Requirement:
An exact transcription is needed of the lines below from the one with "tempels-bangkok-thailand-1" through the one with "Γυναικείο πουκάμισο Uz", with no other lines and no pictures.

Data in this exercise:
:::::

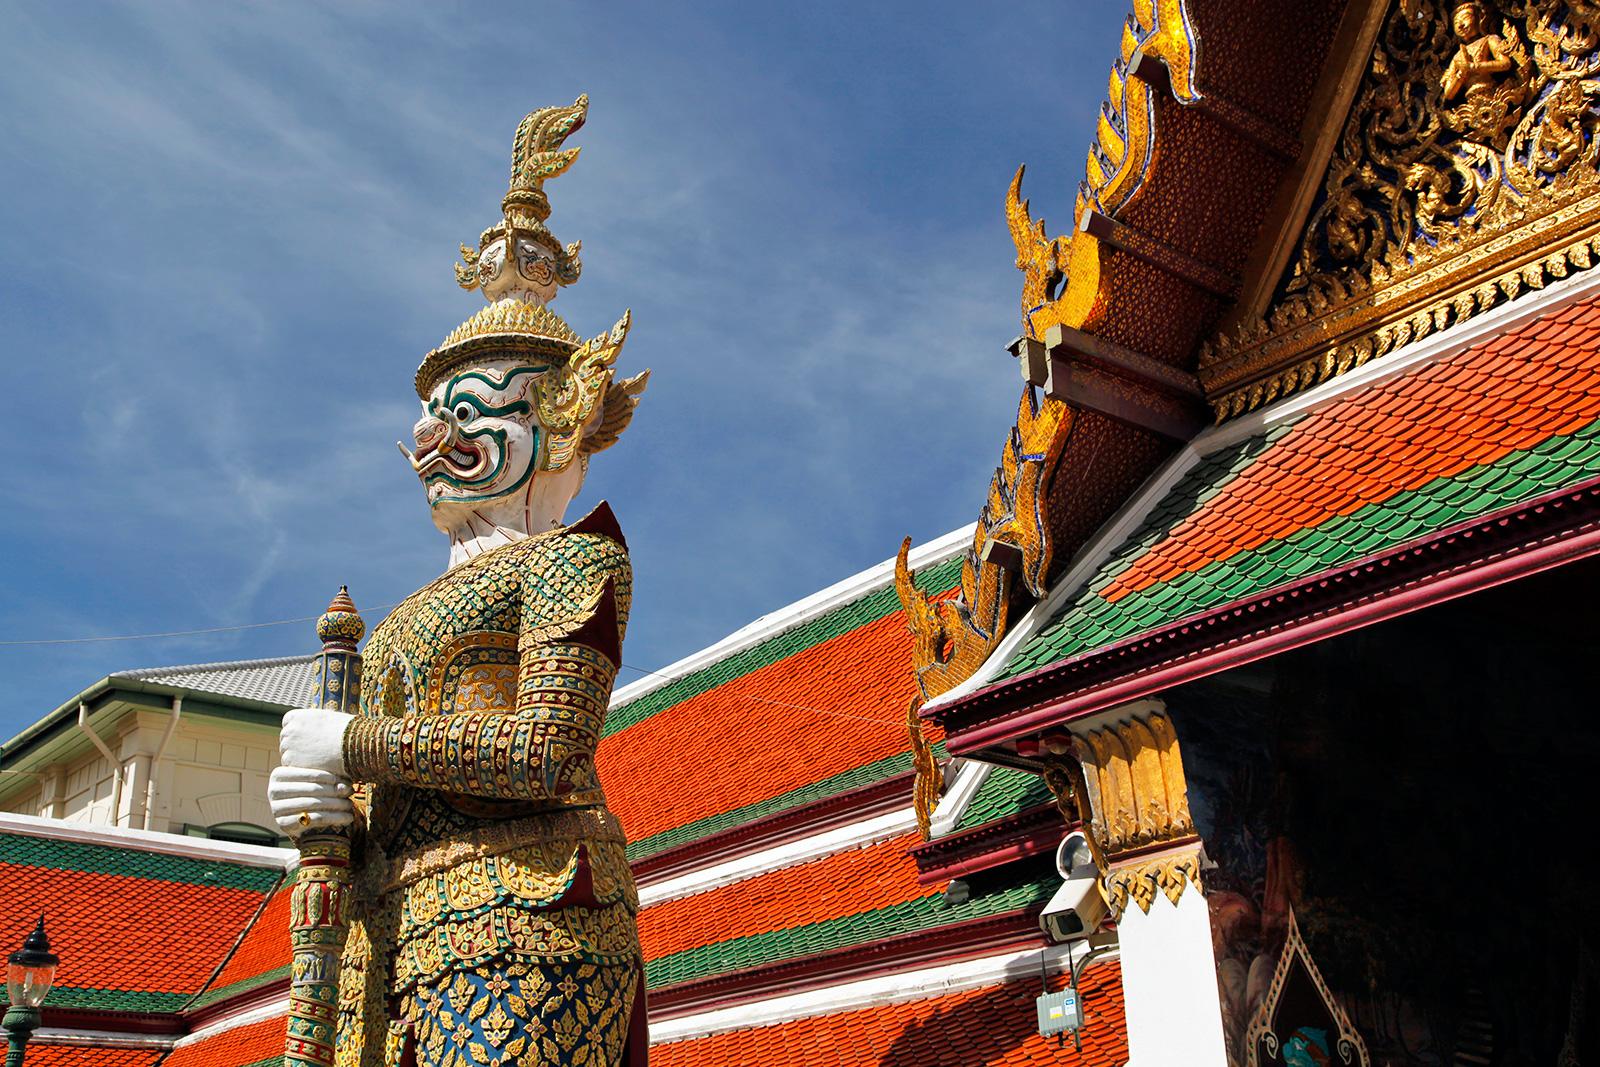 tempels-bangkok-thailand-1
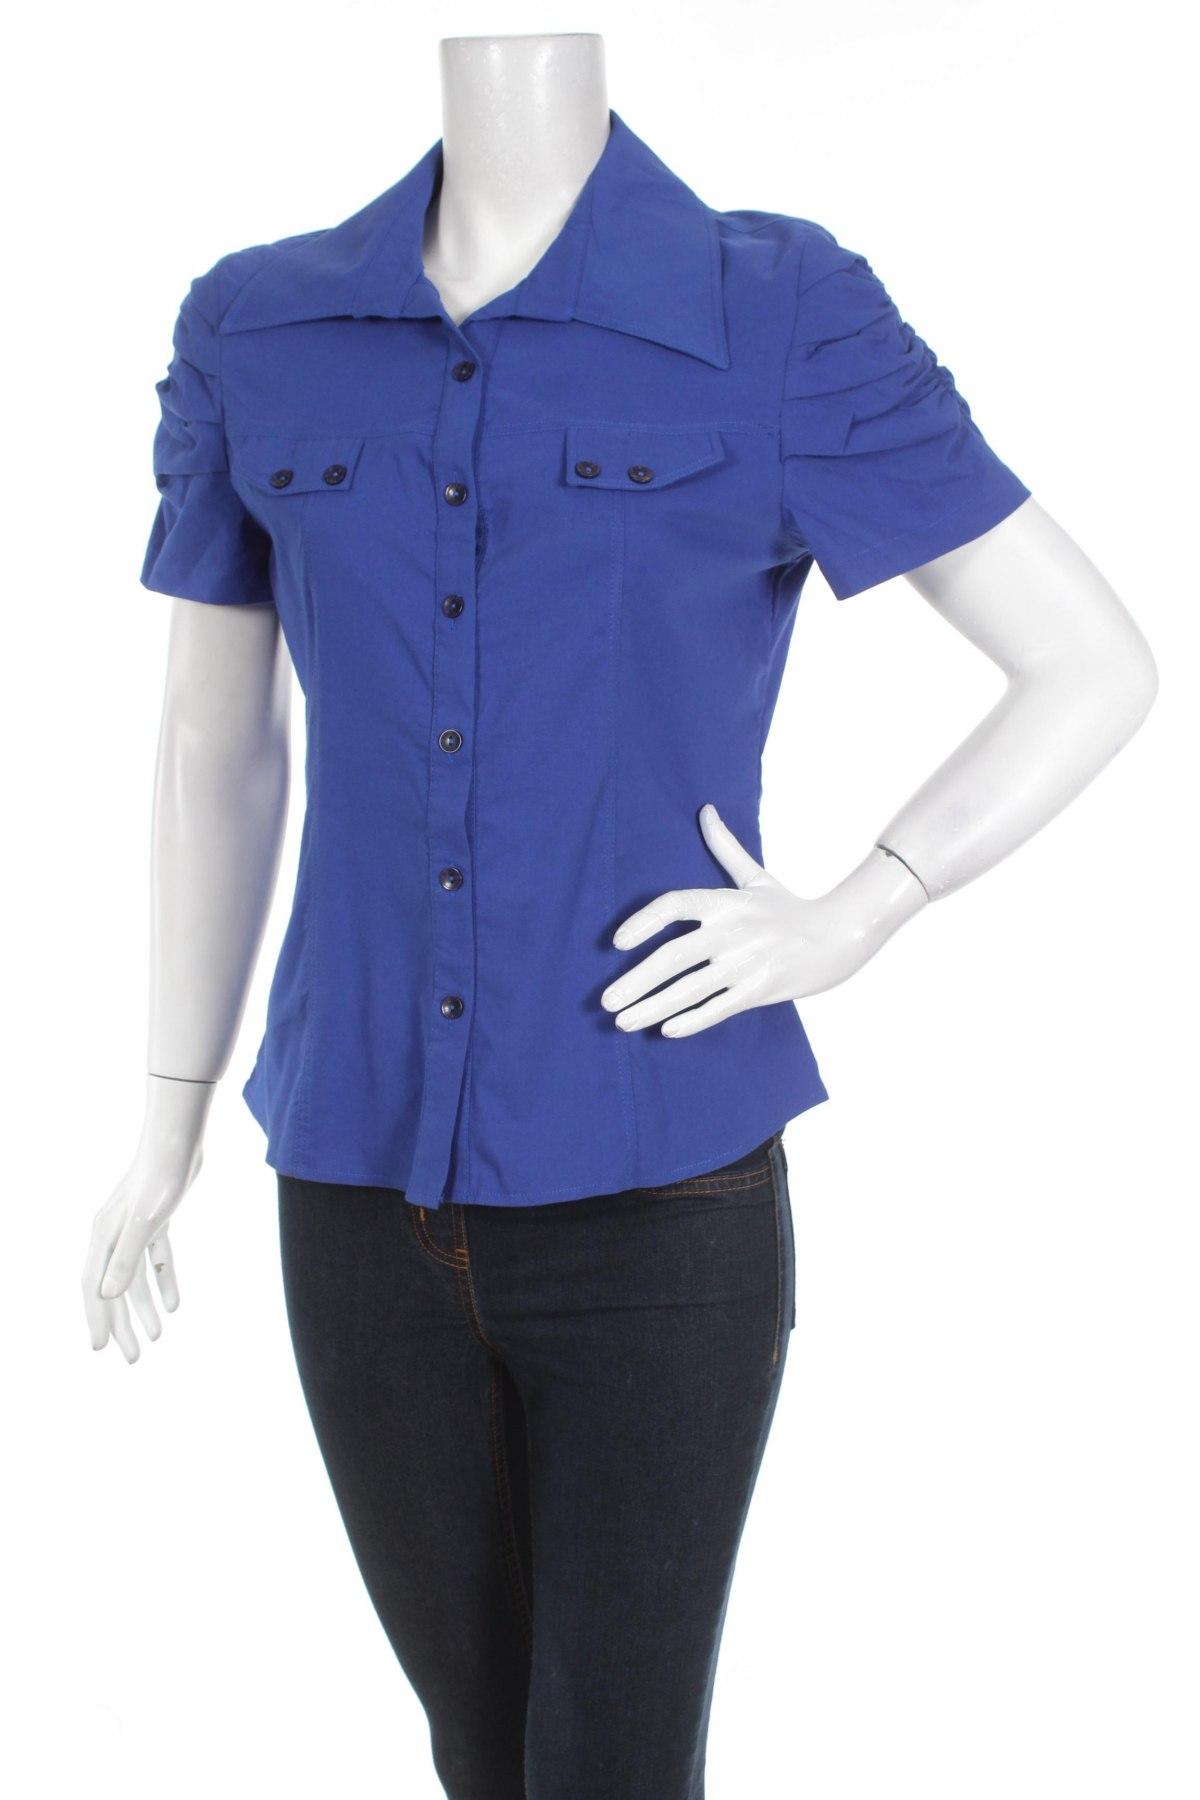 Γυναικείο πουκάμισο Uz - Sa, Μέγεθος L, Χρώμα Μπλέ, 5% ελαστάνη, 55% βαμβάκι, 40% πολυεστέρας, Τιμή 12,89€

:::::

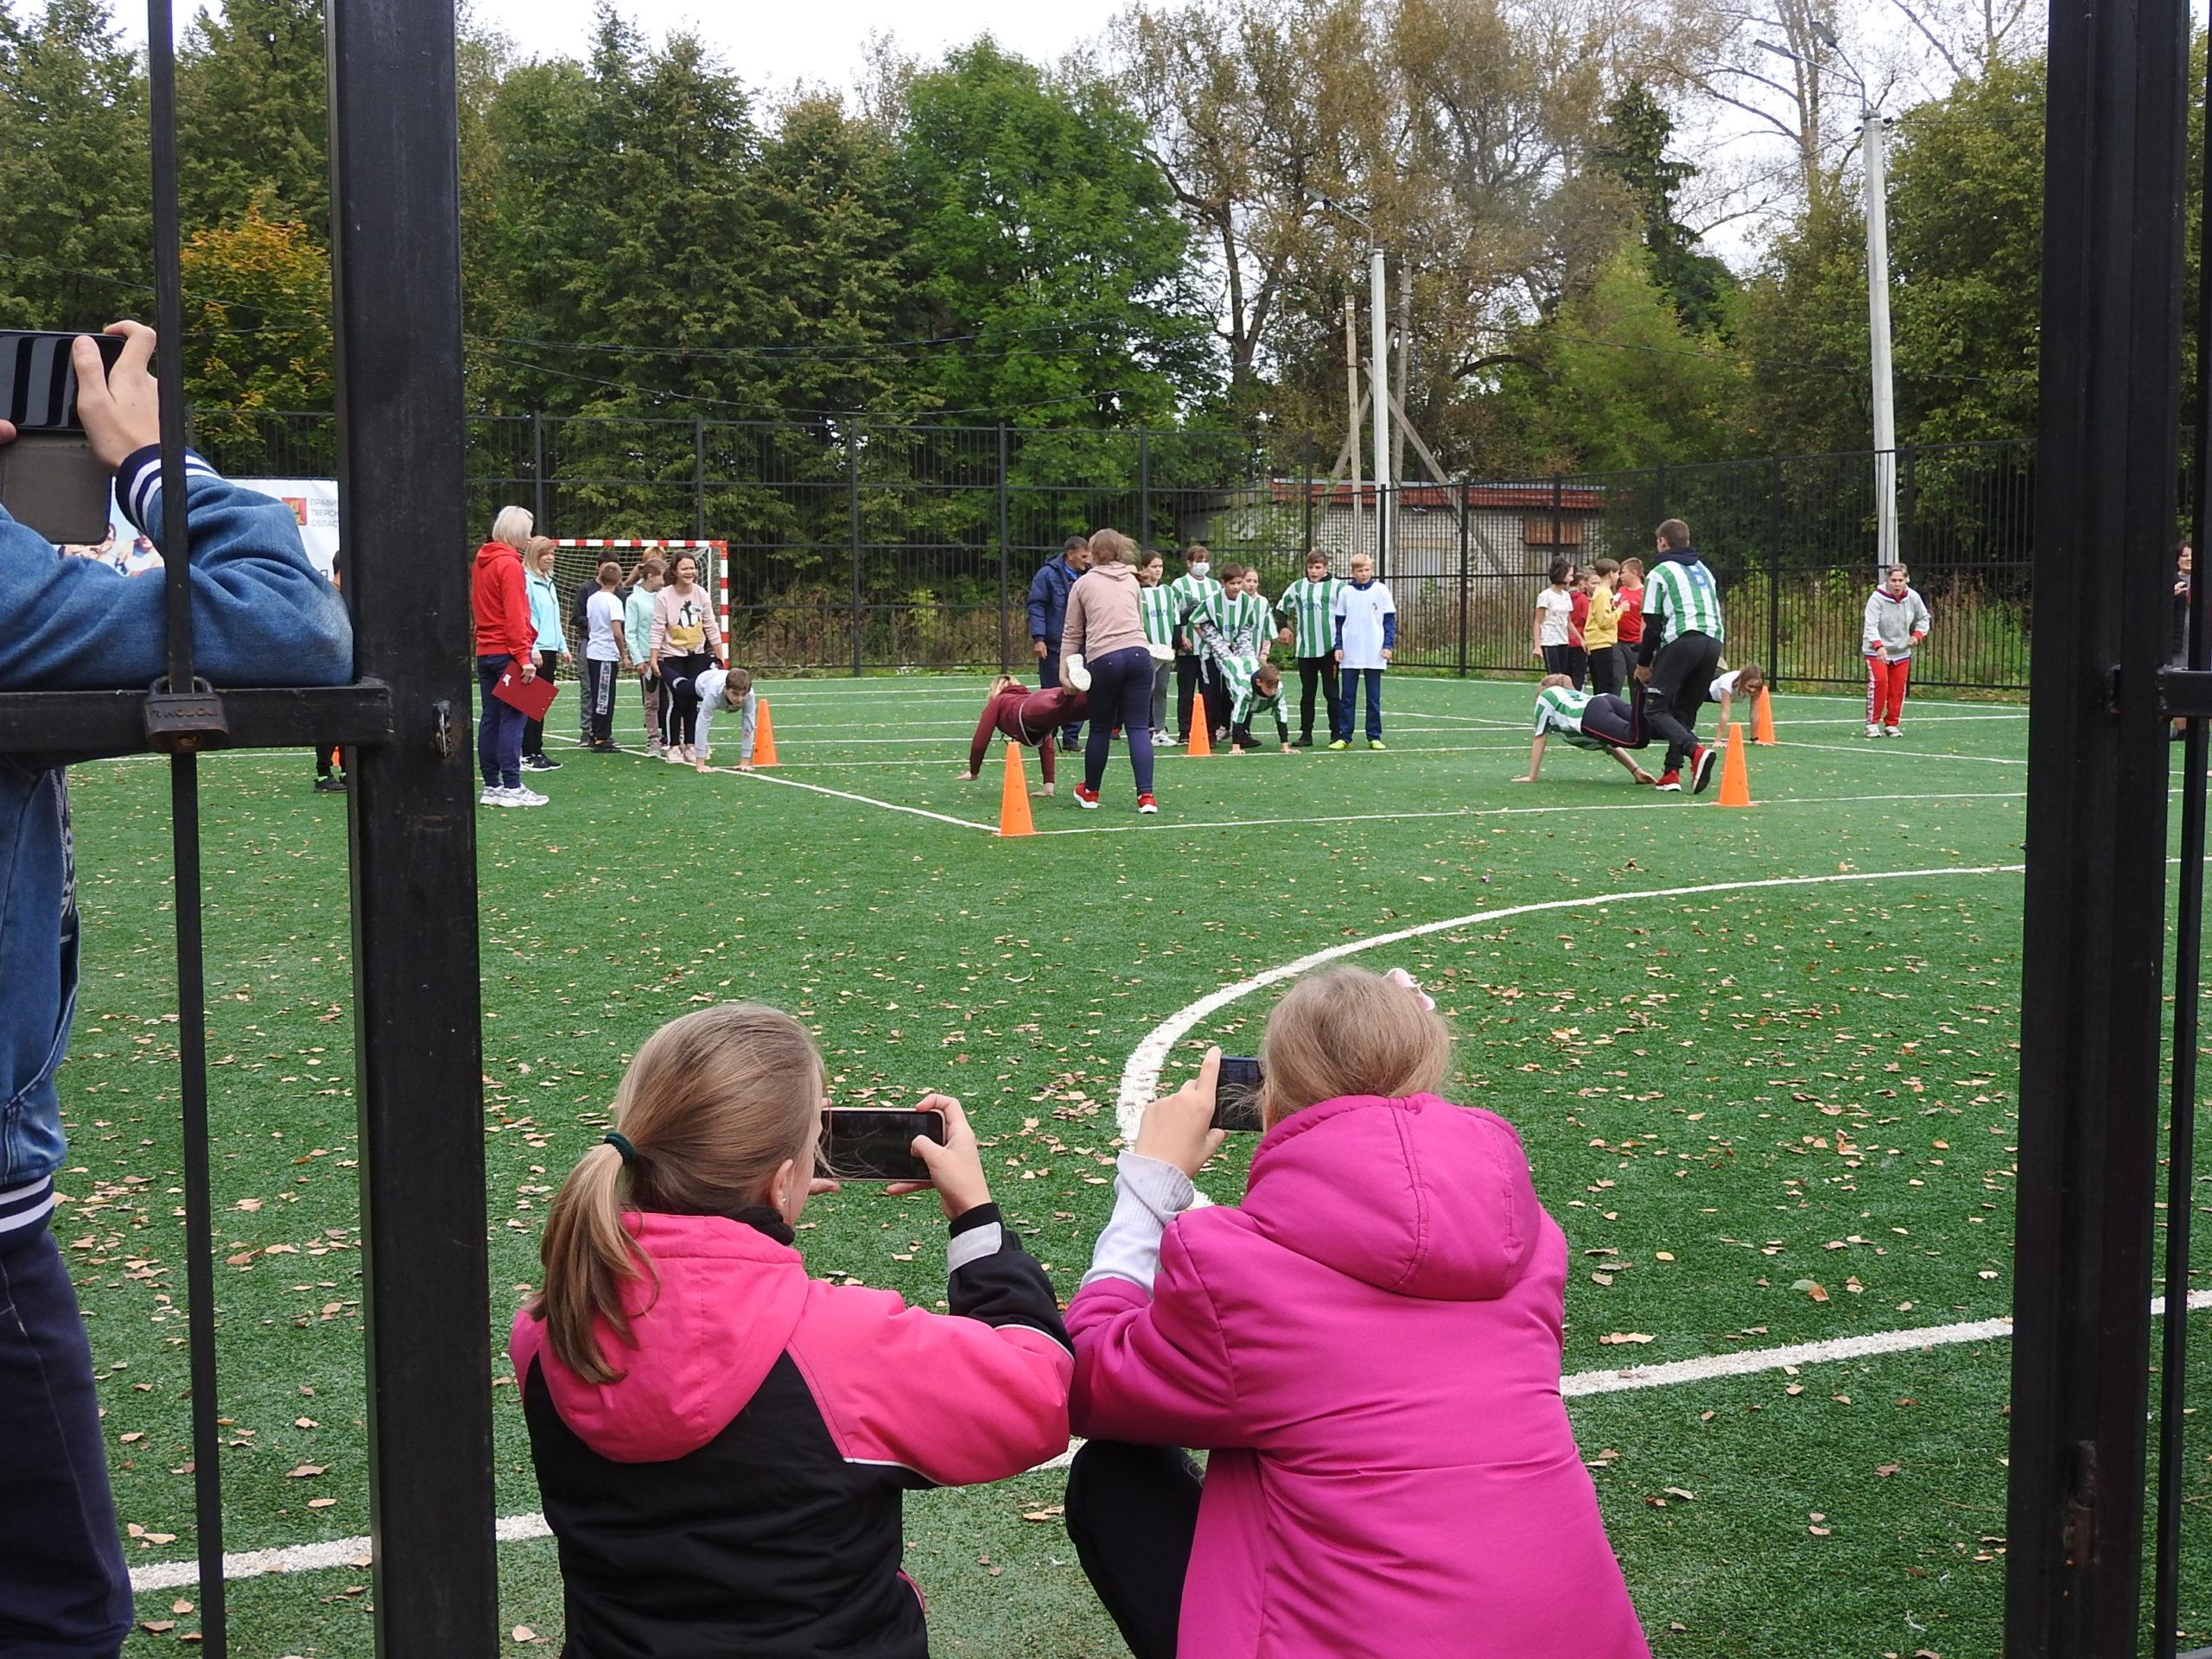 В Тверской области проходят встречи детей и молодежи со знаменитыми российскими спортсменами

:::::

Written answer:
 tempels-bangkok-thailand-1
 Γυναικείο πουκάμισο Uz - Sa, Μέγεθος L, Χρώμα Μπλέ, 5% ελαστάνη, 55% βαμβάκι, 40% πολυεστέρας, Τιμή 12,89€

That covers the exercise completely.